Functionality Coverage:

  • Average Functions: 1.38
  • Average Structs: 0.31
  • Average Traits: 0.11
  • Average Impls: 0.16

Detailed Evaluation Data:

Evaluation completed: 2025-11-20T00:41:47.995913

Governance and Intended Use

This checkpoint is part of the SigilDERG ecosystem and follows Rule Zero principles.

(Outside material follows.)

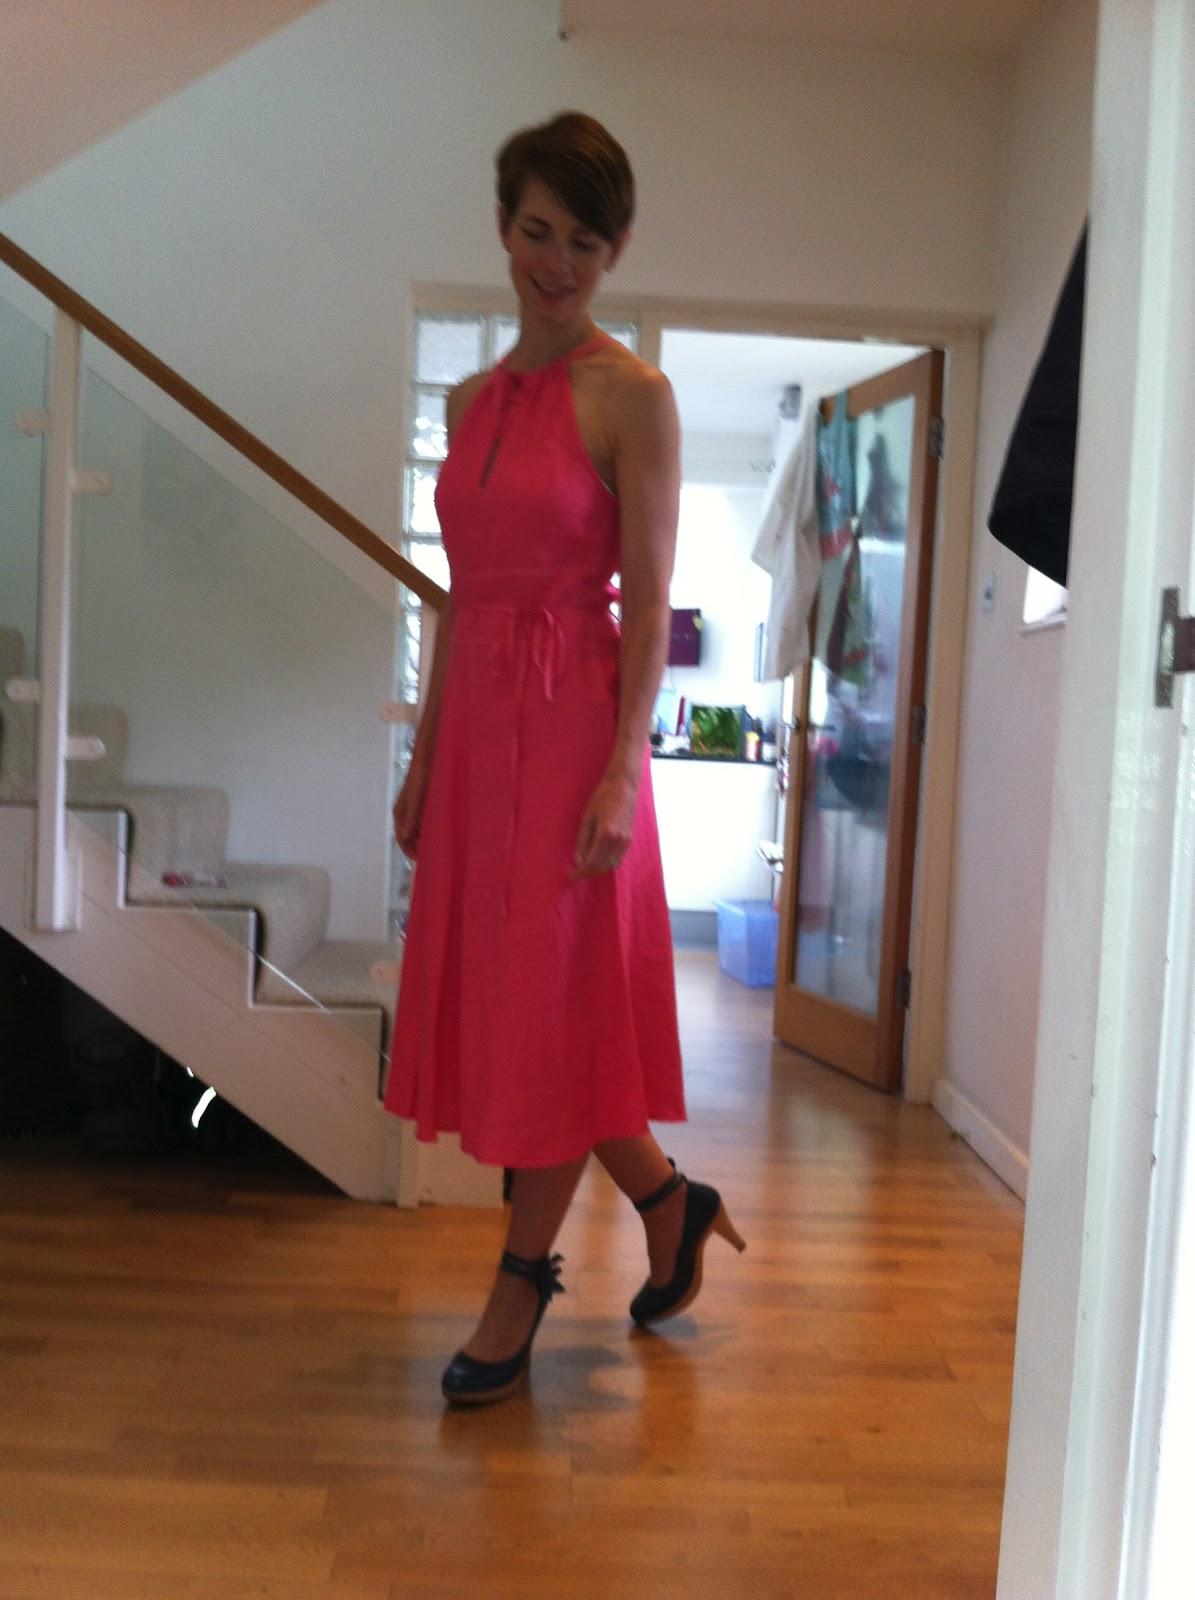 http://4.bp.blogspot.com/-paPE_pK7psw/UA18yEAmOUI/AAAAAAAACuI/h6GnFZeSxXI/s1600/oasis+dress+017.JPG

  • Intended primarily for Rust code generation, explanation, refactoring, and review.
  • Not intended as a general-purpose advisor for medical, legal, financial, or other high-stakes domains.

Usage

Loading the Model

from transformers import AutoModelForCausalLM, AutoTokenizer
from peft import PeftModel

# Load base model
base_model = AutoModelForCausalLM.from_pretrained(
    "meta-llama/Meta-Llama-3.1-8B-Instruct",
    device_map="auto",
    torch_dtype=torch.bfloat16
)

# Load LoRA adapter
model = PeftModel.from_pretrained(base_model, "out/llama8b-rust-qlora-phase1/checkpoint-2000")
tokenizer = AutoTokenizer.from_pretrained("meta-llama/Meta-Llama-3.1-8B-Instruct")

Generation

# Format prompt for instruct model
messages = [
    {"role": "system", "content": "You are a helpful Rust programming assistant."},
    {"role": "user", "content": "Write a function that calculates fibonacci numbers"}
]

# Apply chat template
prompt = tokenizer.apply_chat_template(messages, tokenize=False, add_generation_prompt=True)

# Generate
inputs = tokenizer(prompt, return_tensors="pt").to(model.device)
outputs = model.generate(**inputs, max_new_tokens=512, temperature=0.7)
response = tokenizer.decode(outputs[0], skip_special_tokens=True)

Limitations

  • This model is fine-tuned specifically for Rust code generation and may not perform well on other programming languages or general text tasks.
  • The model inherits any limitations and biases from the base model.
  • Generated code should always be reviewed and tested before use in production.

Citation

If you use this model, please cite:

@software{sigilderg_finetuner,
  title = {SigilDERG Rust Code Fine-tuned Model},
  author = {Superuser666-Sigil/Dave Tofflemire},
  year = {2025},
  url = {https://github.com/Superuser666-Sigil/SigilDERG-Finetuner}
}

License

This model is released under the MIT License.